向かいのパーシヴァルが更に後方に跳び、さっとその場にしゃがみ込む。と同時に壁から腕が伸び、空を掴んだ。それからすぐに現れたエバルーの顔は顰められている。どうやら彼の足を掴もうとしていたらしく、気づいたパーシヴァルが眉を寄せた。
《土潜か。こういうのはモルガン辺りの方が得意分野なんだけどなあ……》
「土潜?」
《読んで字の如く、だよ。とりあえずコイツ魔導士、おっけー?》
右親指と人差し指で丸を作る彼に頷く。
「解ったから何だ?貴様等程度に、我輩の土潜は破れんぞ!!」
得意気に笑うエバルーが両手を上げて地面に潜る。立ち上がったパーシヴァルが地を蹴って、対岸へと跳んだ。
その彼が着地するのとほぼ同時に、ルーシィの足元からエバルーが突き出る。床を割り、拳を突き上げたその一撃を後ろに跳んで避け、右手に本をしっかり持ったまま、口を開く。

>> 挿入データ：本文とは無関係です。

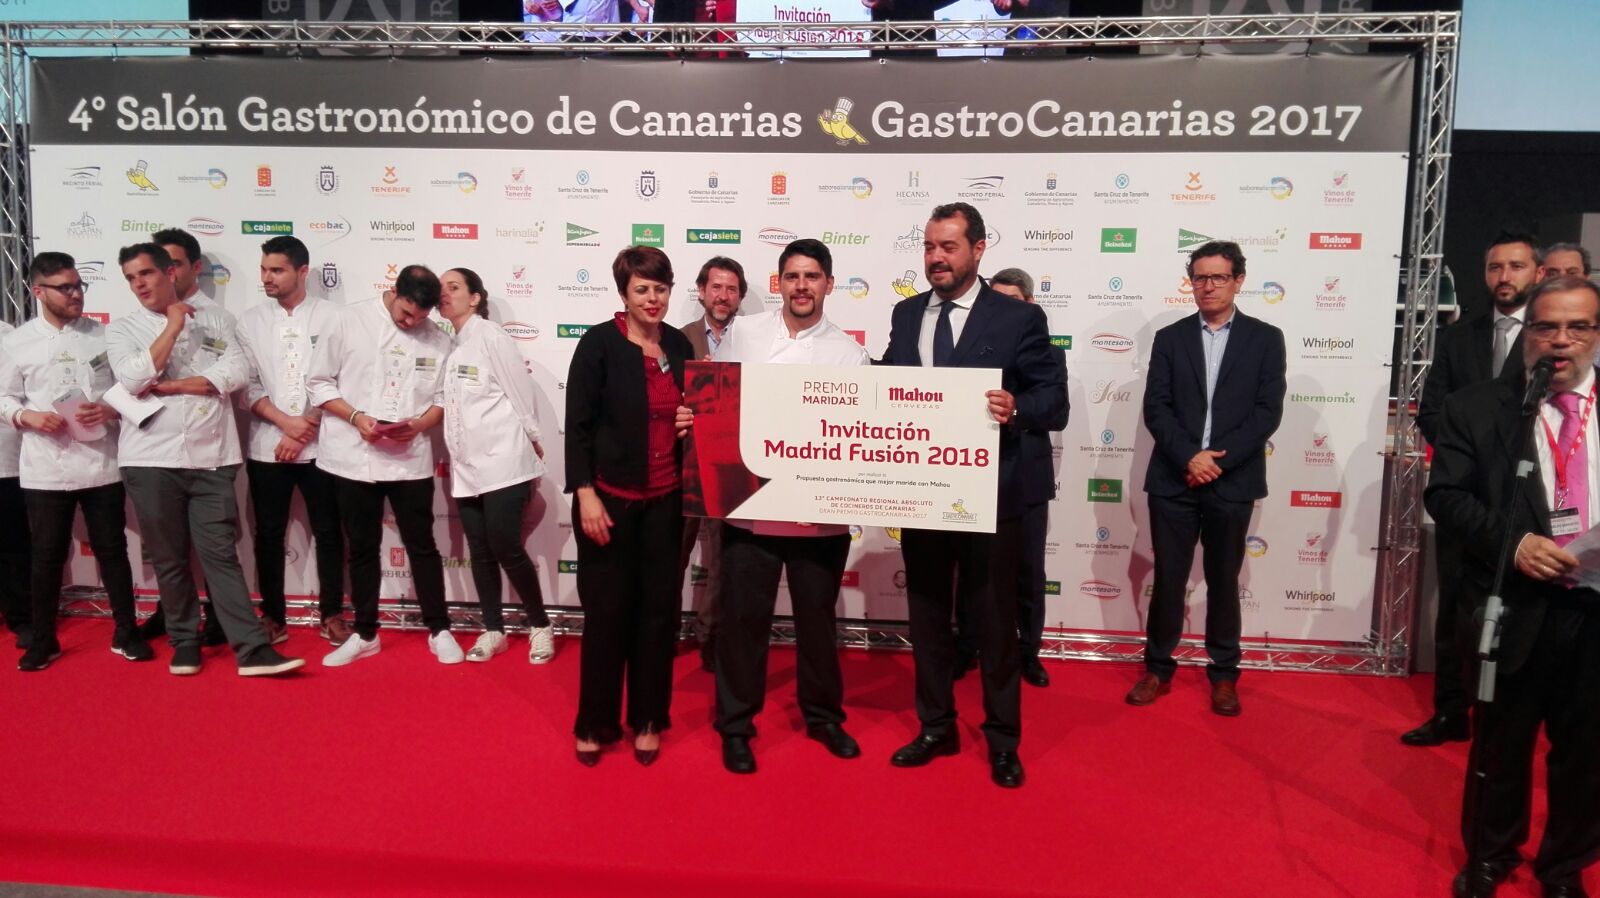 El Cabildo de Gran Canaria vuelve de Gastrocanarias con cuatro premios para sus chefs consagrados y jóvenes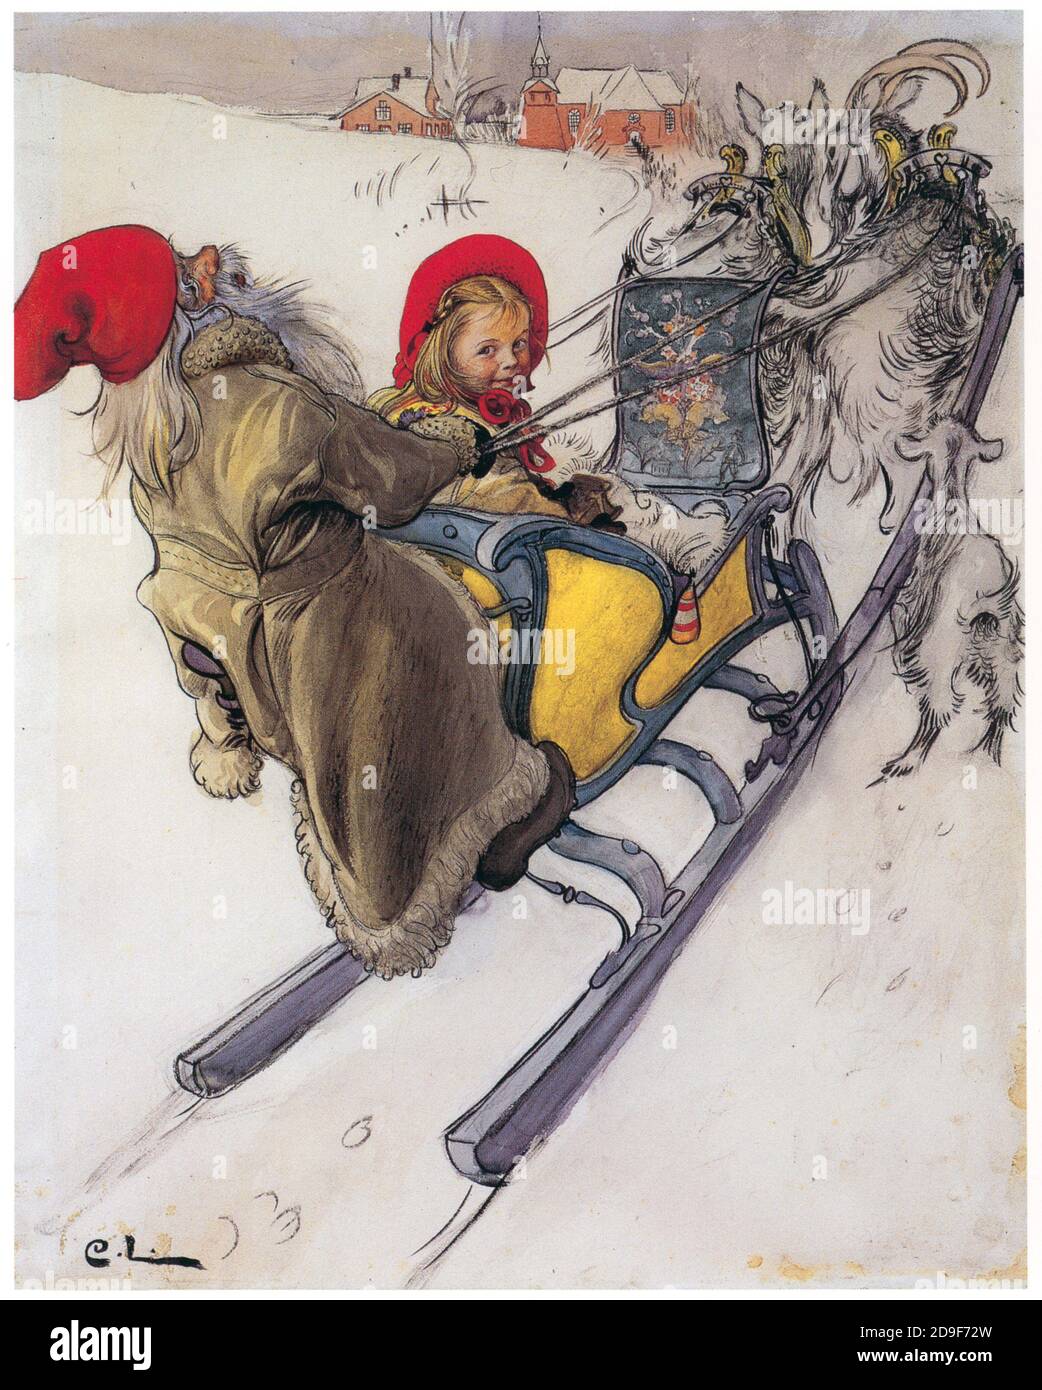 Carl Larsson. Ilustraciones de Navidad. Navidad de estilo antiguo de una manera vintage. Foto de stock

「この本に書いてあったわ。内容はエバルーが主人公の、ひっどい冒険小説だったの」
「何だそれ!!?」
「我輩が主人公なのは素晴らしい。しかし内容はクソだ。ケム・ザレオンのくせにこんな駄作を書きおって!!けしからんわあっ!!!」
本を掴むように両手をぱんと合わせる。両拳を握り突き上げる。頭を下に蹴りを繰り出す。地面に潜っては飛び出すのを繰り返しながら、エバルーはルーシィを追い詰めていく。穴だらけになった床から下水が通る道に出て、後方に跳ぶ事で回避してきたルーシィの背中が、がしゃんと音を立ててフェンスにぶつかった。
「無理矢理書かせたくせに、なんて偉そうなの!!?」
空いた左手でフェンスを掴む。こちらに跳ぼうかと足元に力を込めるパーシヴァルを目で制すると、伝わったのか彼が半歩後ろに引いた。
「偉そう?」
弾丸のようにエバルーが飛び出した。フェンスを掴んだ左手を軸に、ルーシィが地を蹴る。飛び出した勢いのままエバルーはフェンスを突き破り、ぎりぎりで手を離したルーシィの体が高く宙を舞う。
「我輩は偉いのじゃ!!!その我輩の本を書けるなど、ものすごく光栄な事なのじゃぞ!!」
「脅迫して書かせたんじゃないっ!!!」
「脅迫?」
壊れたフェンスが投げ捨てられる。振り返ったエバルーは、髭を軽く引っ張りながら口角を吊り上げた。